On the other hand, a substantial increase in SG&A expenses without a corresponding increase in sales (i.e., SGAI > 1) could also be a warning sign, as it may suggest that managers are being paid excessively or that the company is experiencing declining administrative and marketing efficiency, which could motivate managers to manipulate earnings.

Variable #7: Leverage Index (LVGI)

The Leverage Index (LVGI) is a financial ratio that compares a company's total debt to total assets in the current year to the previous year.

The formula for calculating LVGI is shown below:

Leverage Index (LVGI) = ((Long-Term Debtt + Current Liabilitiest) / Total Assetst) / ((Long-Term Debtt-1 + Current Liabilitiest-1) / Total Assetst-1)

An LVGI greater than 1 indicates that the company has become more leveraged compared to the previous year. The higher the LVGI is above 1, the more the company's leverage has increased, suggesting that the company may be under pressure to meet debt covenants or raise additional capital.

The LVGI is included in the Beneish model because companies facing financial pressure may be more likely to manipulate their earnings. As a company becomes increasingly leveraged, it tightens its debt constraints and may be more predisposed to manipulate its earnings to meet obligations or maintain access to capital.

However, it's important to note that a decrease in the LVGI (i.e., LVGI < 1) could also be a warning sign. While a company with a declining LVGI might be paying off its debts, it could also be increasing its equity by selling a large number of shares. One of the most prevalent signs of a company engaging in fraudulent activities is the excessive sale of shares, which quality scores like the Piotroski F-Score capture.

Variable #8: Total Accruals to Total Assets (TATA)

The Total Accruals to Total Assets (TATA) ratio measures the extent to which a company's reported earnings are backed by cash.

"Accruals" represent the difference between a company's accounting profit (or loss) and its cash profit (or loss), which is then divided by total assets to make the variable comparable across companies of different sizes.

The TATA is included in the Beneish model because accruals are often used to manipulate earnings, and a higher level of accruals relative to assets could signal potential manipulation. Companies that generate large accruals (accounting profits without corresponding cash profits) are more likely to be engaging in earnings manipulation. Higher positive accruals (meaning less cash) indicate a greater likelihood of earnings manipulation.

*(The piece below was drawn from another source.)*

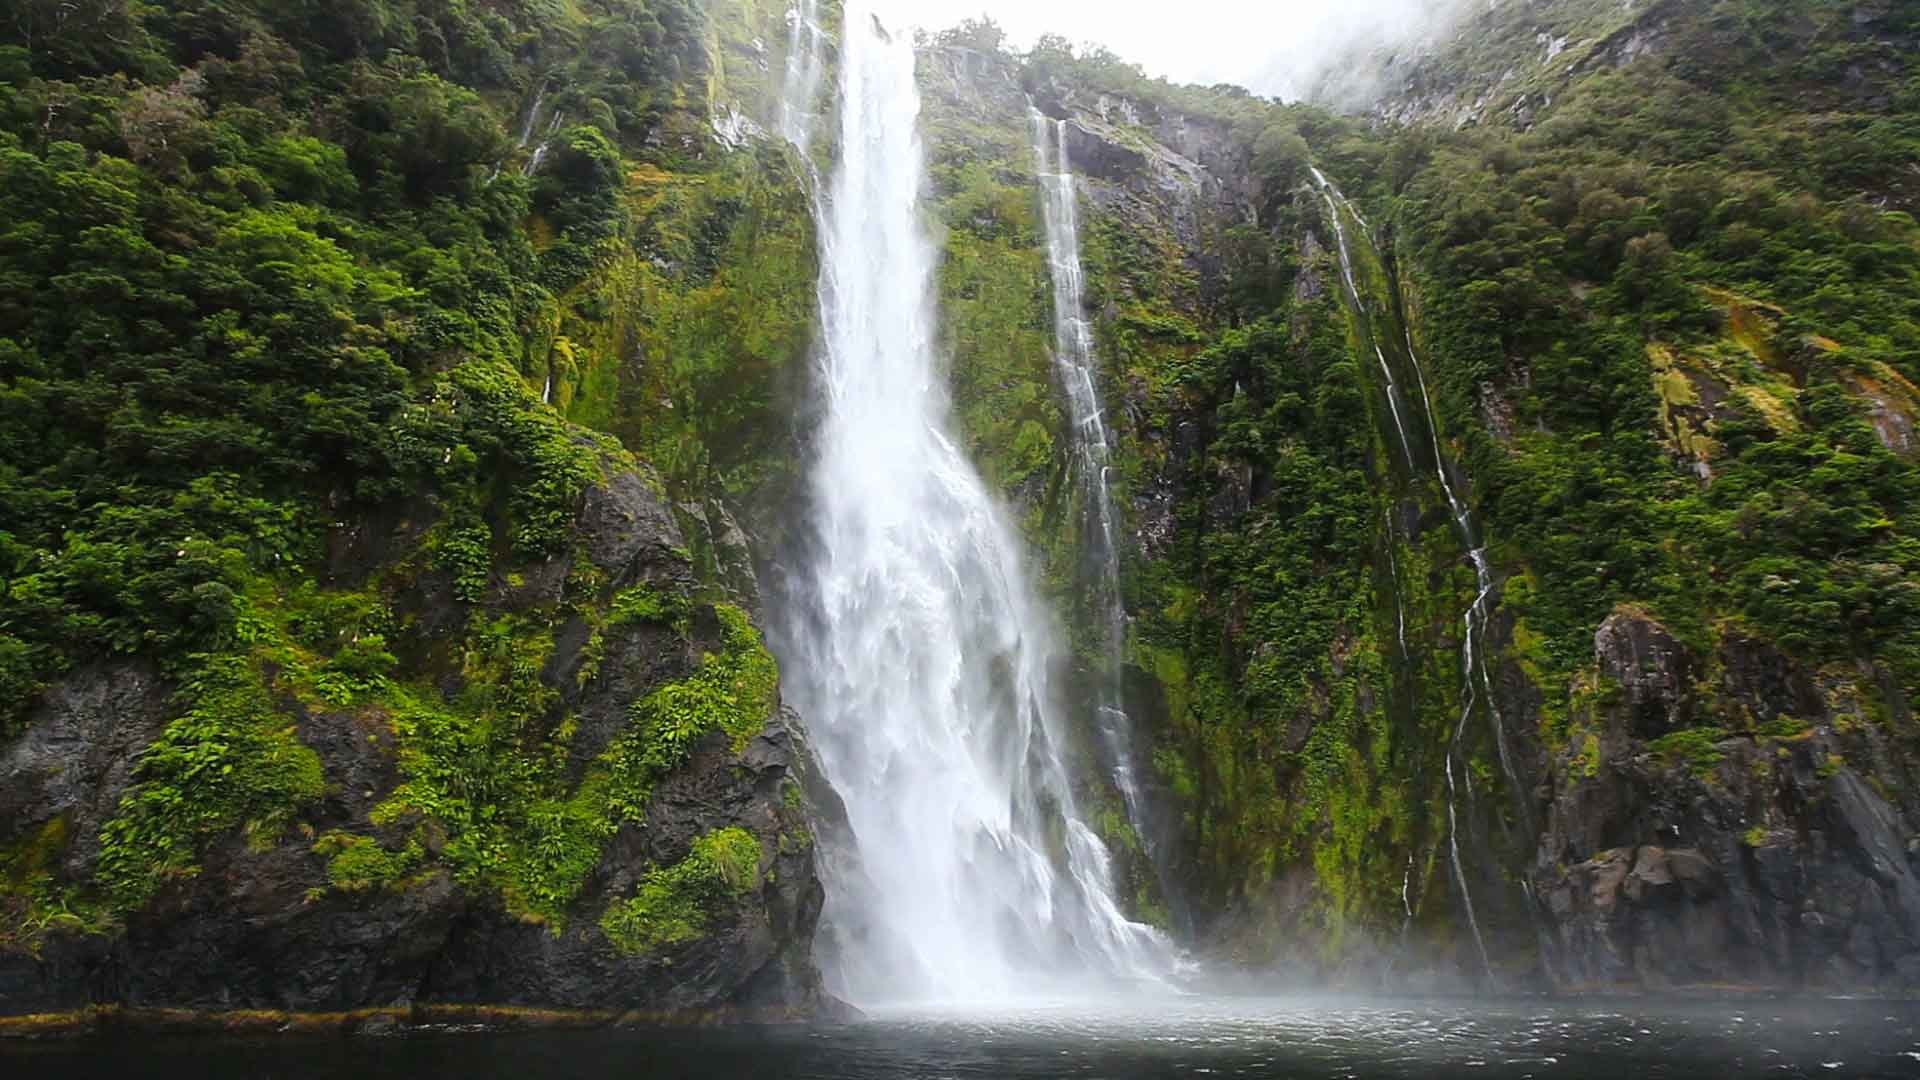 Jog Falls Hd Wallpaper Gaia Meditation Free Meditation Music Amp Sound Healing

In Beneish's 1997 paper, "Detecting GAAP Violation: Implications for Assessing Earnings Management among Firms with Extreme Financial Performance," the calculation of TATA was based on the balance sheet approach:

"Total accruals were calculated as the change in current assets (COMPUSTAT item #4), minus the change in
cash
(#1), minus changes in current liabilities (#5), plus the change in short-term debt (#34) - depreciation and
amortization expense
(#14) - deferred tax on earnings (#50) + equity in earnings (#55)."

- Messod D. Beneish in "Detecting GAAP Violation: Implications for Assessing Earnings Management among Firms with Extreme Financial Performance," pg. 281

In Beneish's 1999 paper "The Detection of Earnings Manipulation," where he introduced three additional variables to the Beneish M-Score (DEPI, SGAI, and LVGI), Beneish also maintained a similar approach, and discussed calculating total accruals as follows:

"Total accruals are calculated as the change in working capital accounts other than cash less depreciation."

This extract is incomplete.